Top 5: Time Passages
While I fondly recall several Octobers from the 1970s, there's one that's not all that pleasant to remember--1978. It was my first semester at college, and I was having a hell of a time--dorm problems, girl problems, general being-away-from-home-for-the-first-time problems. For a long time after, it was a season I preferred to forget. Nevertheless, there are some songs from that season that I still enjoy hearing, even though I usually try to separate them from what was going on in my life at the time. Here are five:
"Reminiscing"/Little River Band. There's never been another record that sounded like this, not even during the big-band era it celebrates, and certainly not since. But even people far too young to relate to the 1940s could latch onto one of "Reminiscing"'s multiple hooks and dig it over and over again.

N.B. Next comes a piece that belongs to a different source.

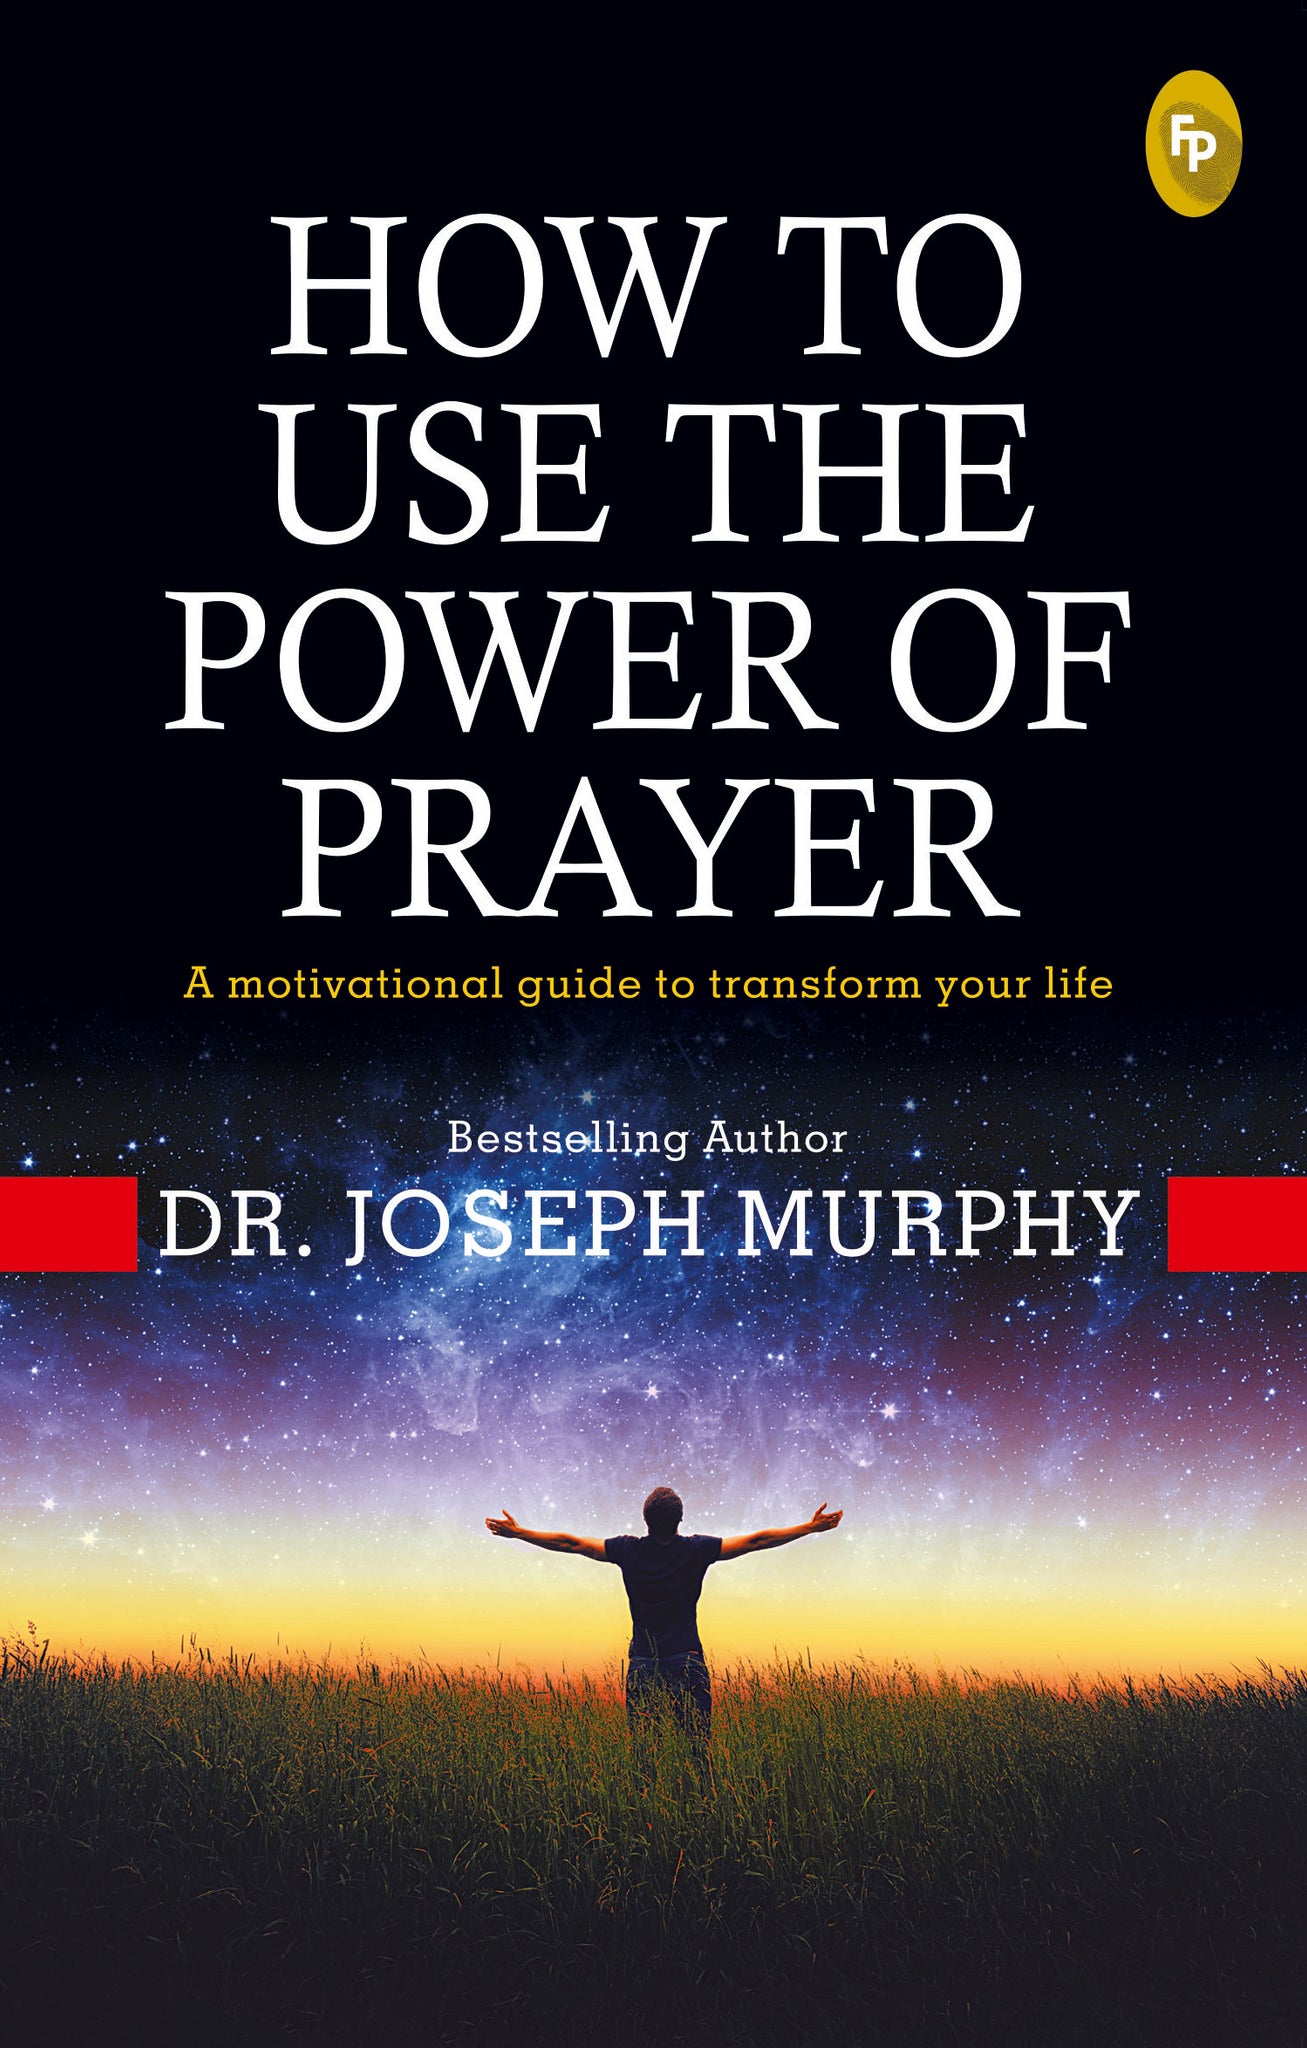 How To Use The Power of Prayer: A Motivational Guide to Transform your Life

"Whenever I Call You Friend"/Kenny Loggins. A Top-40 summit meeting, 70s style, with Stevie Nicks and Melissa Manchester joining Loggins on the record that jump-started his solo career.

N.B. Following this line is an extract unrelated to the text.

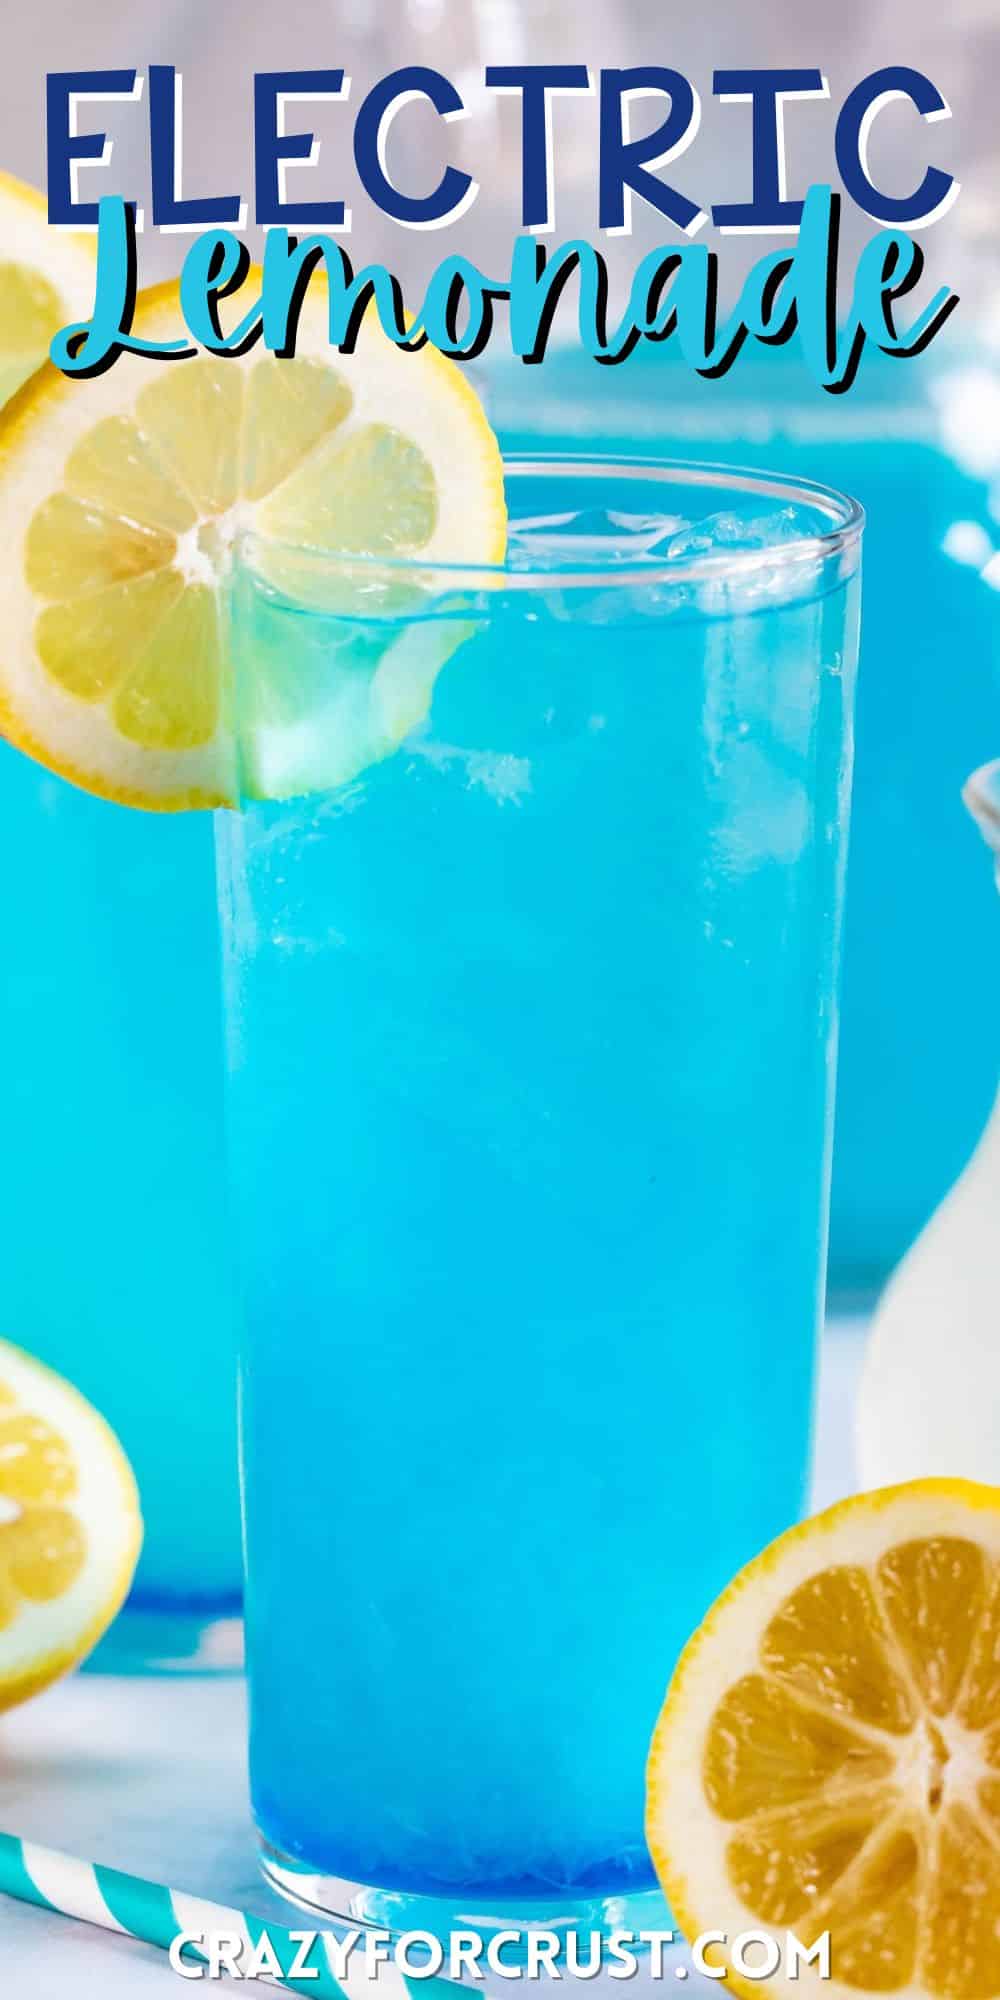 tall clear glass with a bright blue drink inside and a lemon slice on the rim with words on the image.

"Right Down the Line"/Gerry Rafferty. Rafferty had already built his monument, "Baker Street," and anything else was destined to pale in comparison. This doesn't pale much.
"Time Passages"/Al Stewart. This song was a particular favorite of mine that fall, and it was no surprise that I would seize on a song about traveling back in time, especially given that the present I was living through at that moment felt like a waking nightmare. "Buy me a ticket on the last train home tonight," indeed.

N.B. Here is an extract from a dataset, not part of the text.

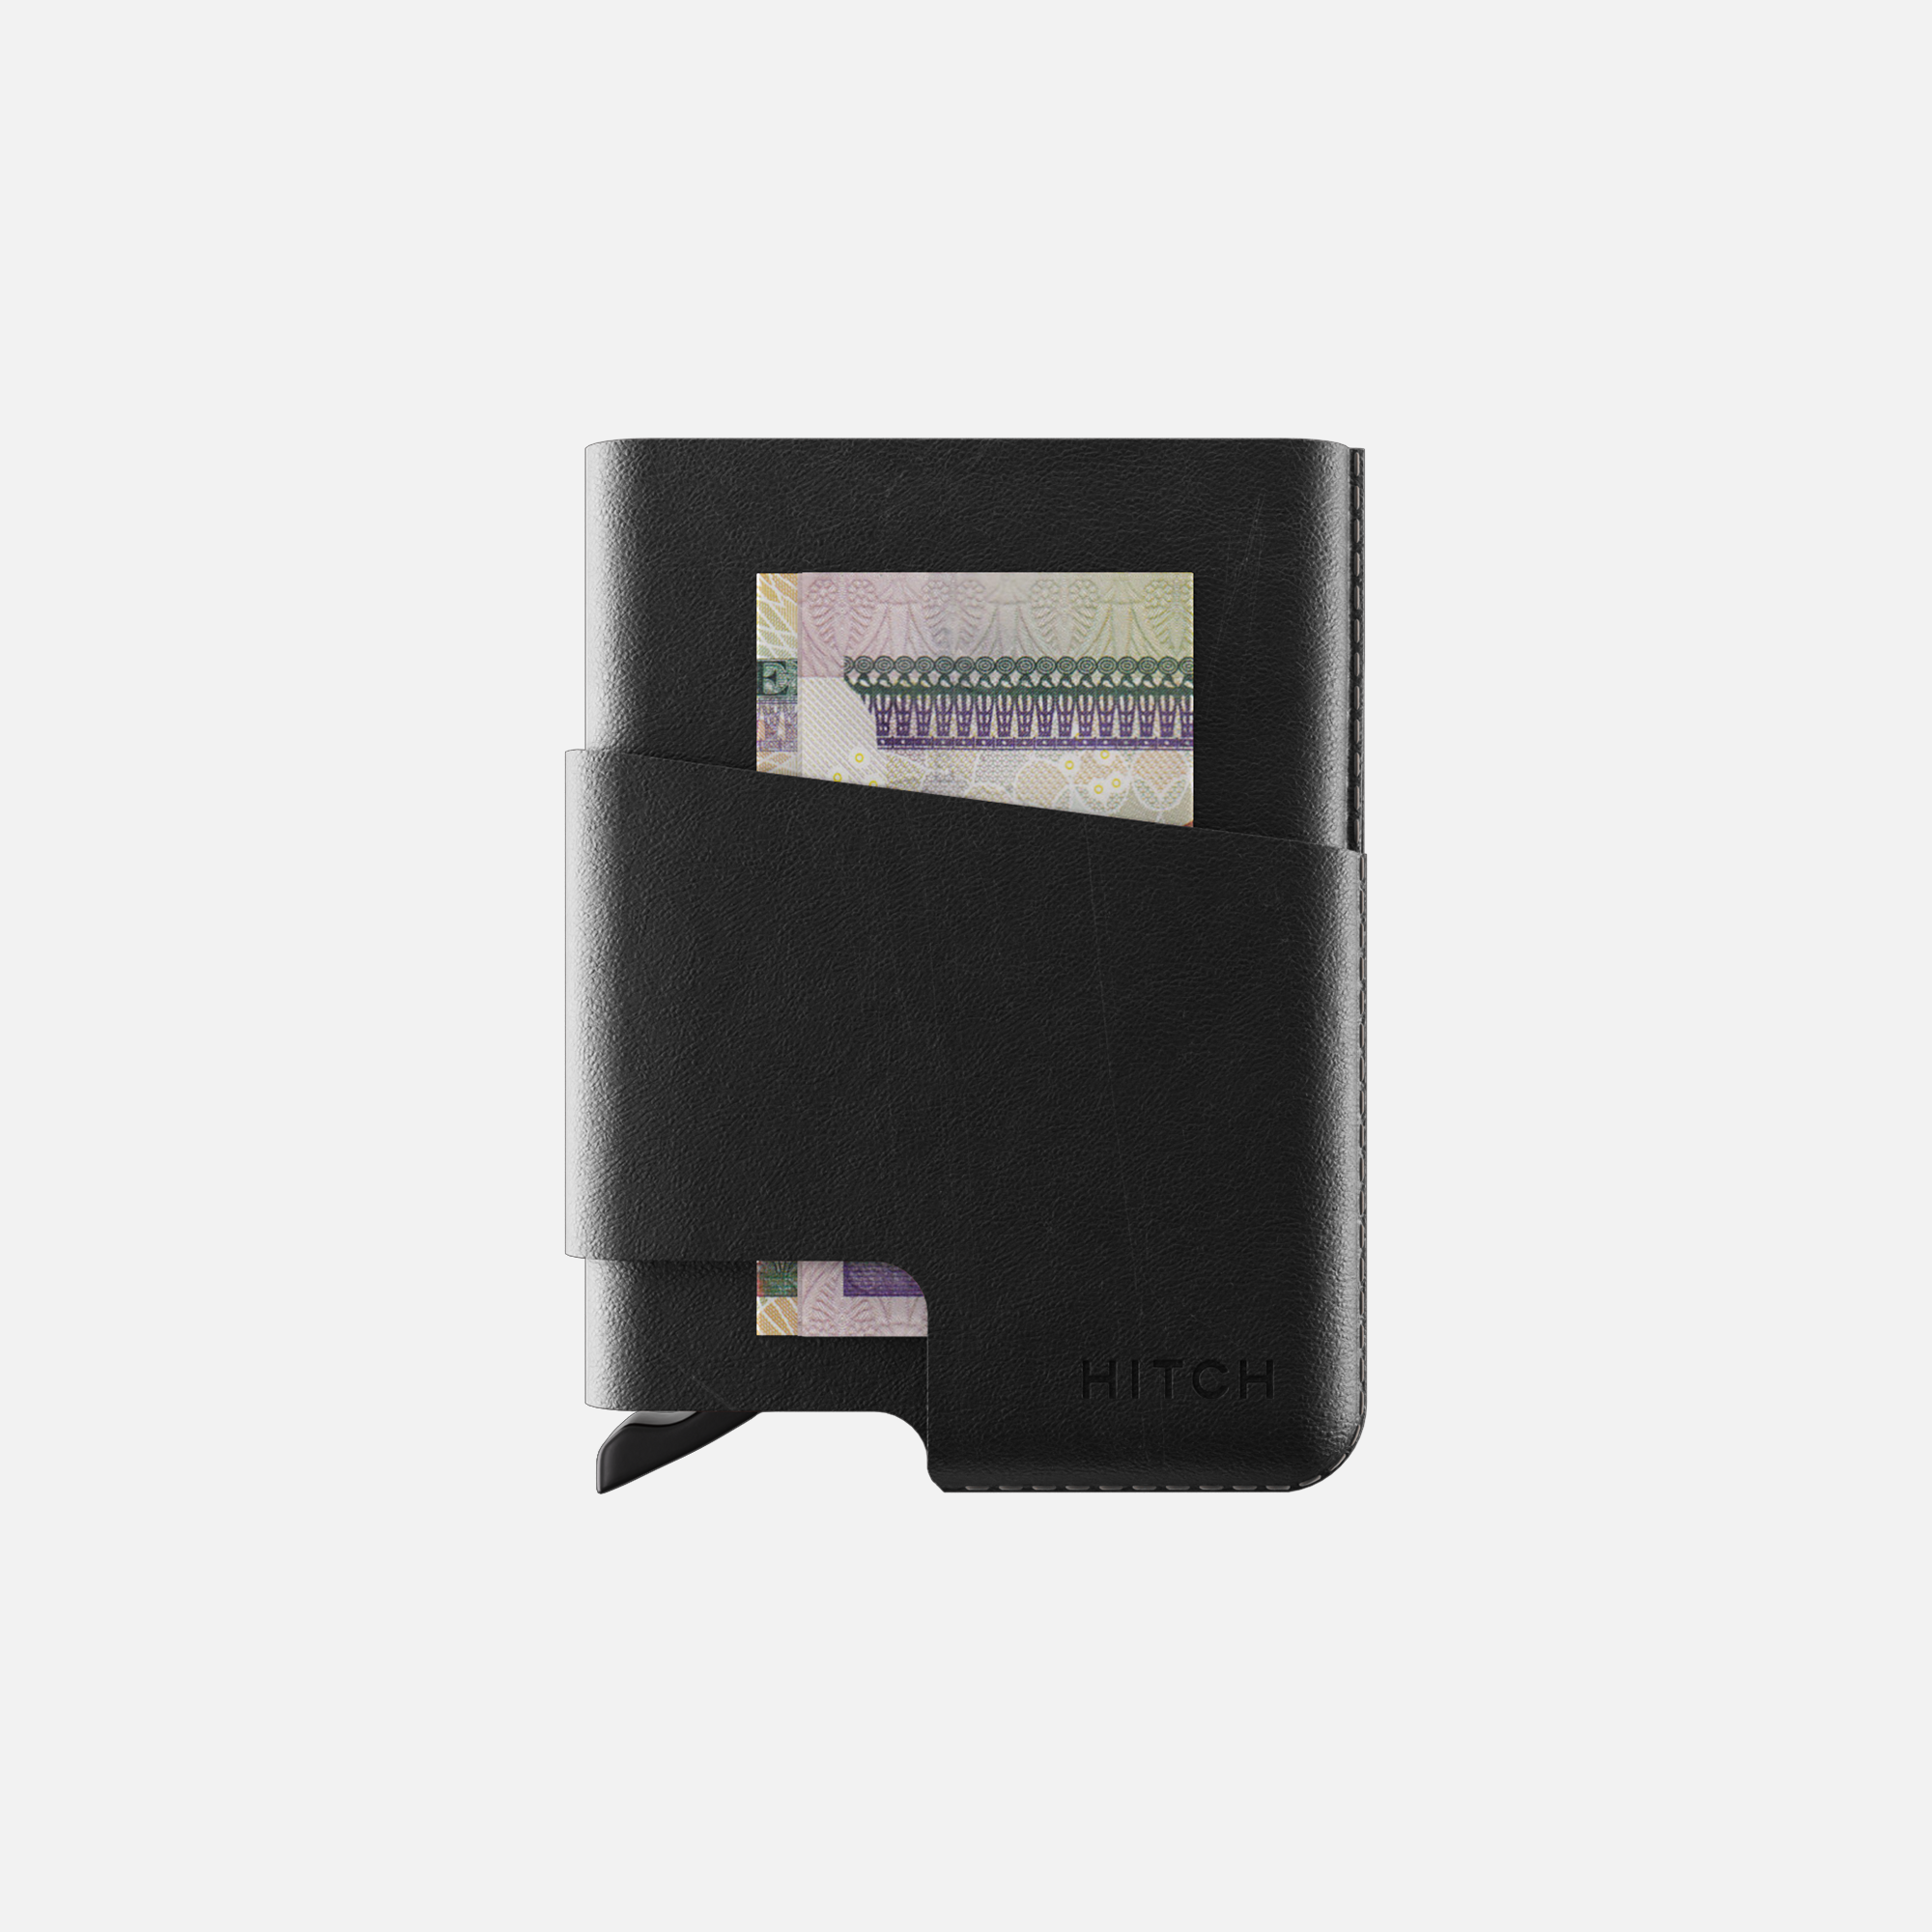 Black wallet with money clip and Egyptian currency note.

"Who Are You"/The Who. On the radio the week Keith Moon died, in early September. His death was the lead story that night on my campus TV station's evening newscast, where I was anchoring sports. I was in my third week at school at the time. (Why the station relied on utterly green talent at the beginning of the school year is a mystery.) It took only one week for me to decide that I had no business being in front of a TV camera. It felt a lot safer behind the microphone. I'd finally get there in December.